── Recorded information ──

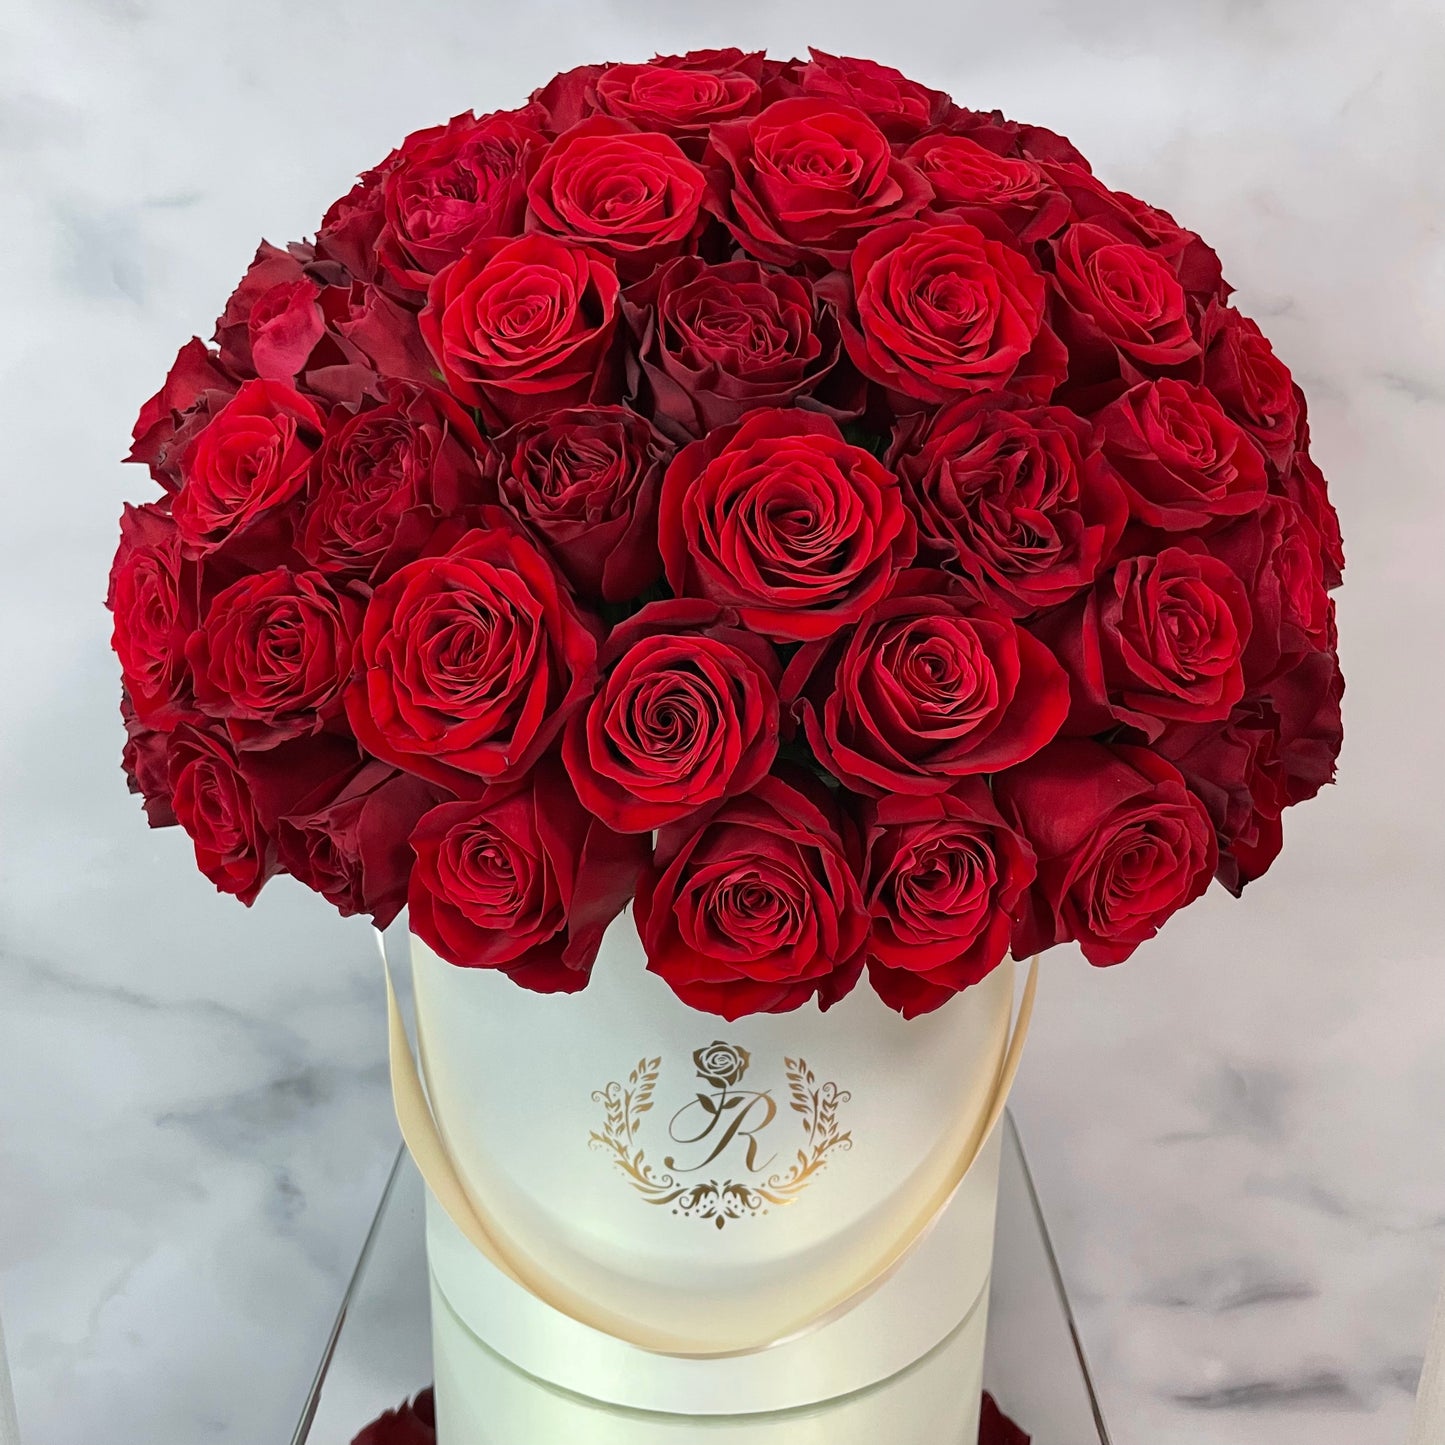 【WHITE BOX】プロポーズ用 赤バラ108本のドームフラワー
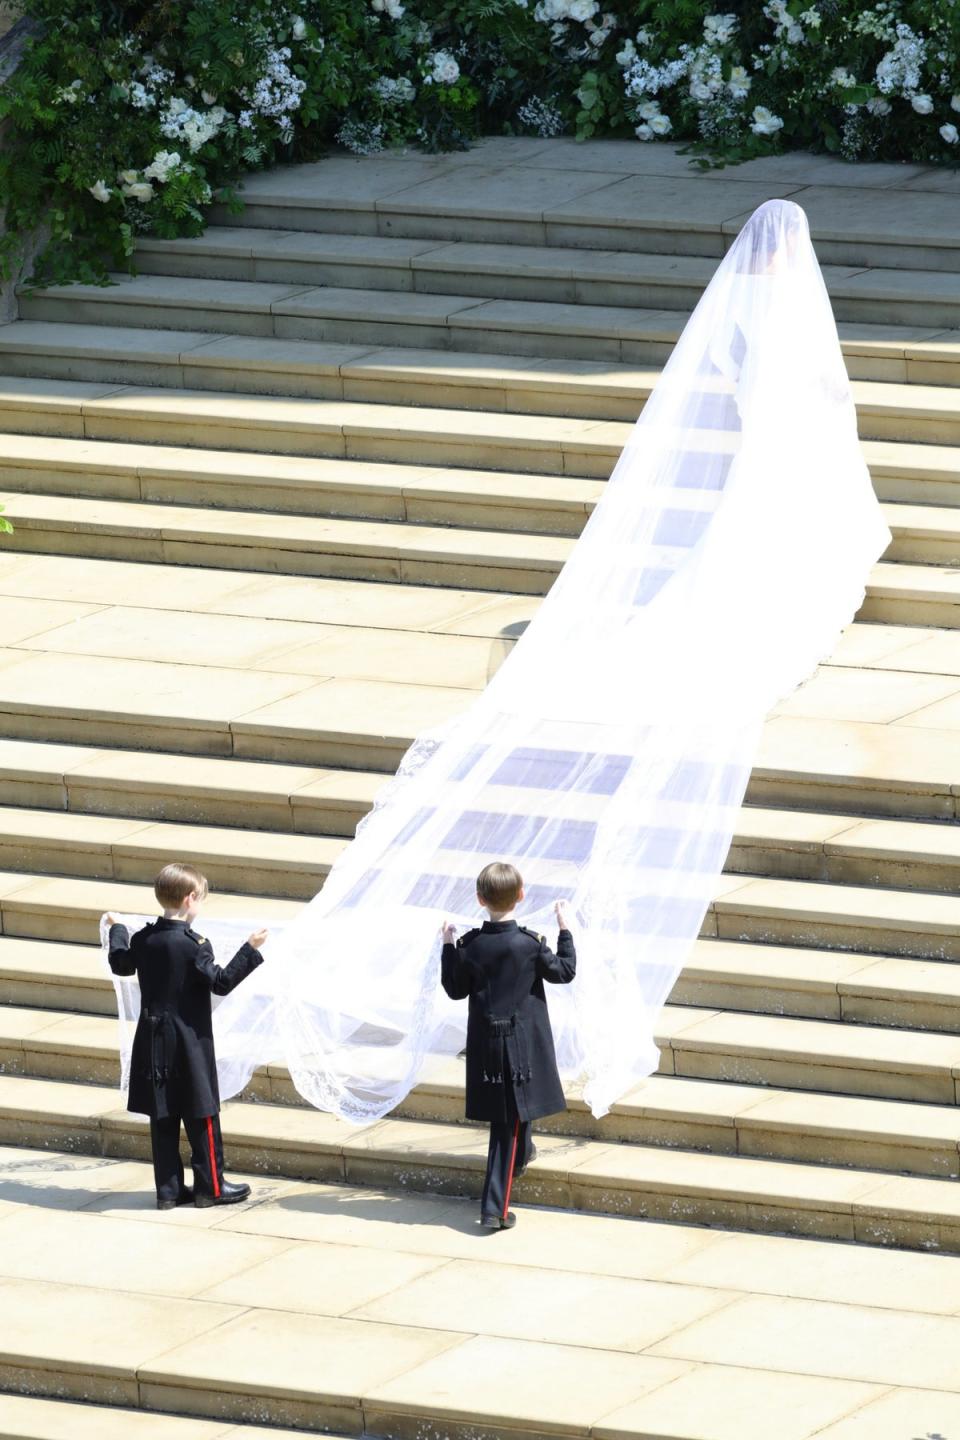 Meghan Markle arriving at her royal wedding ceremony (Owen Cooban/MoD/EPA)
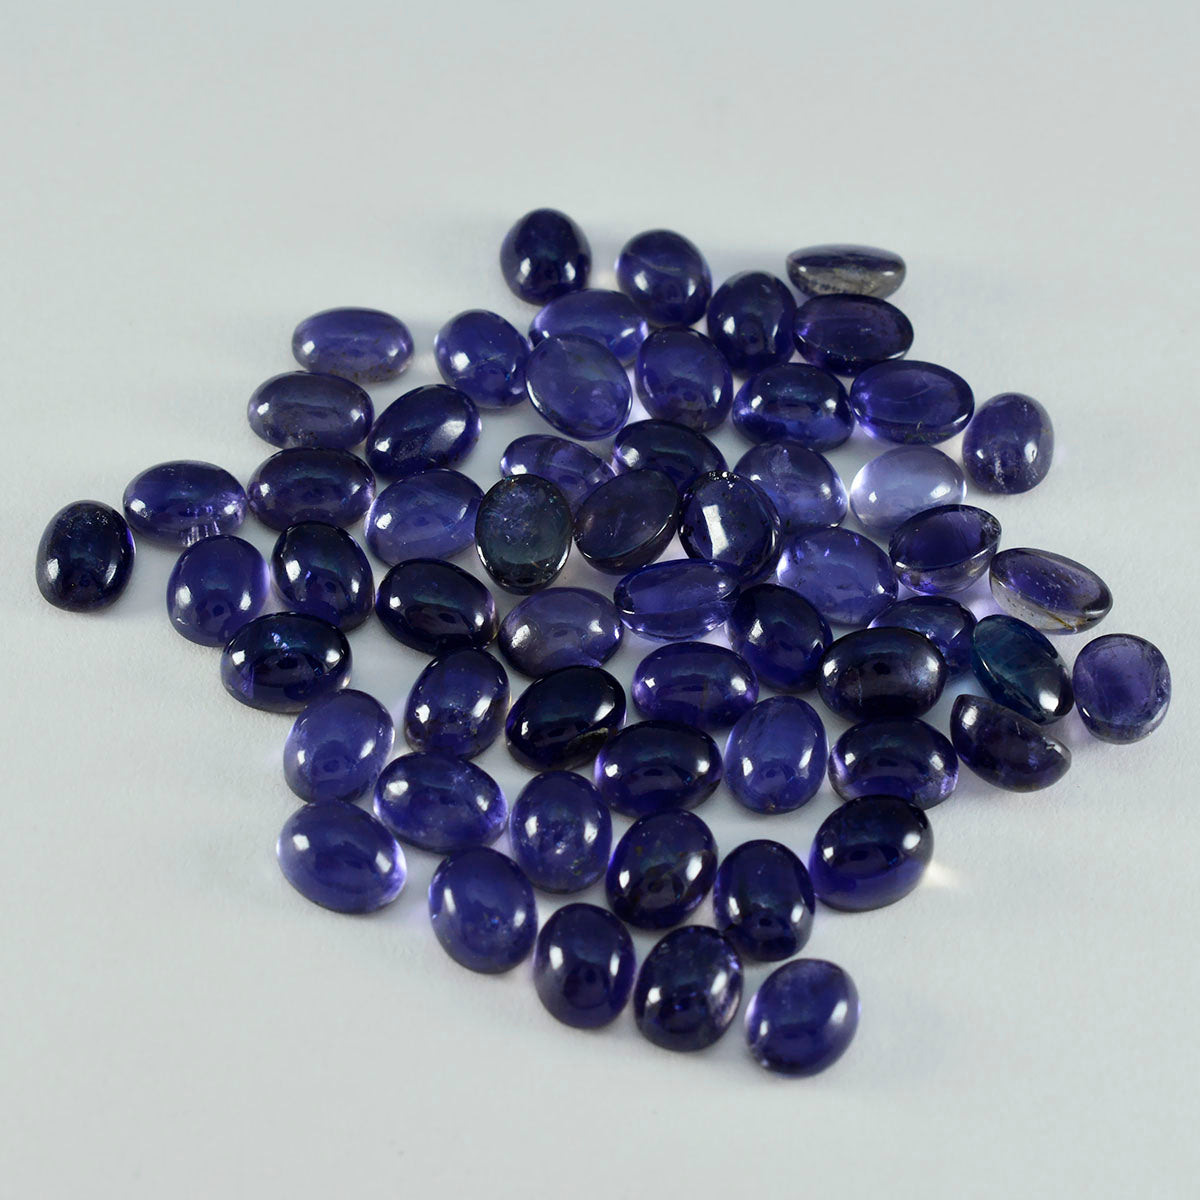 Riyogems 1PC blauwe ioliet cabochon 4x6 mm ovale vorm, mooie kwaliteitsedelsteen

───

#### What needs to be done
Pictures stay out; reproduce exactly the lines from the one containing "Meghan Markle arriving" through the last line of the listing, both included.

#### Solution to the exercise
 Meghan Markle arriving at her royal wedding ceremony (Owen Cooban/MoD/EPA)
 Riyogems 1PC blauwe ioliet cabochon 4x6 mm ovale vorm, mooie kwaliteitsedelsteen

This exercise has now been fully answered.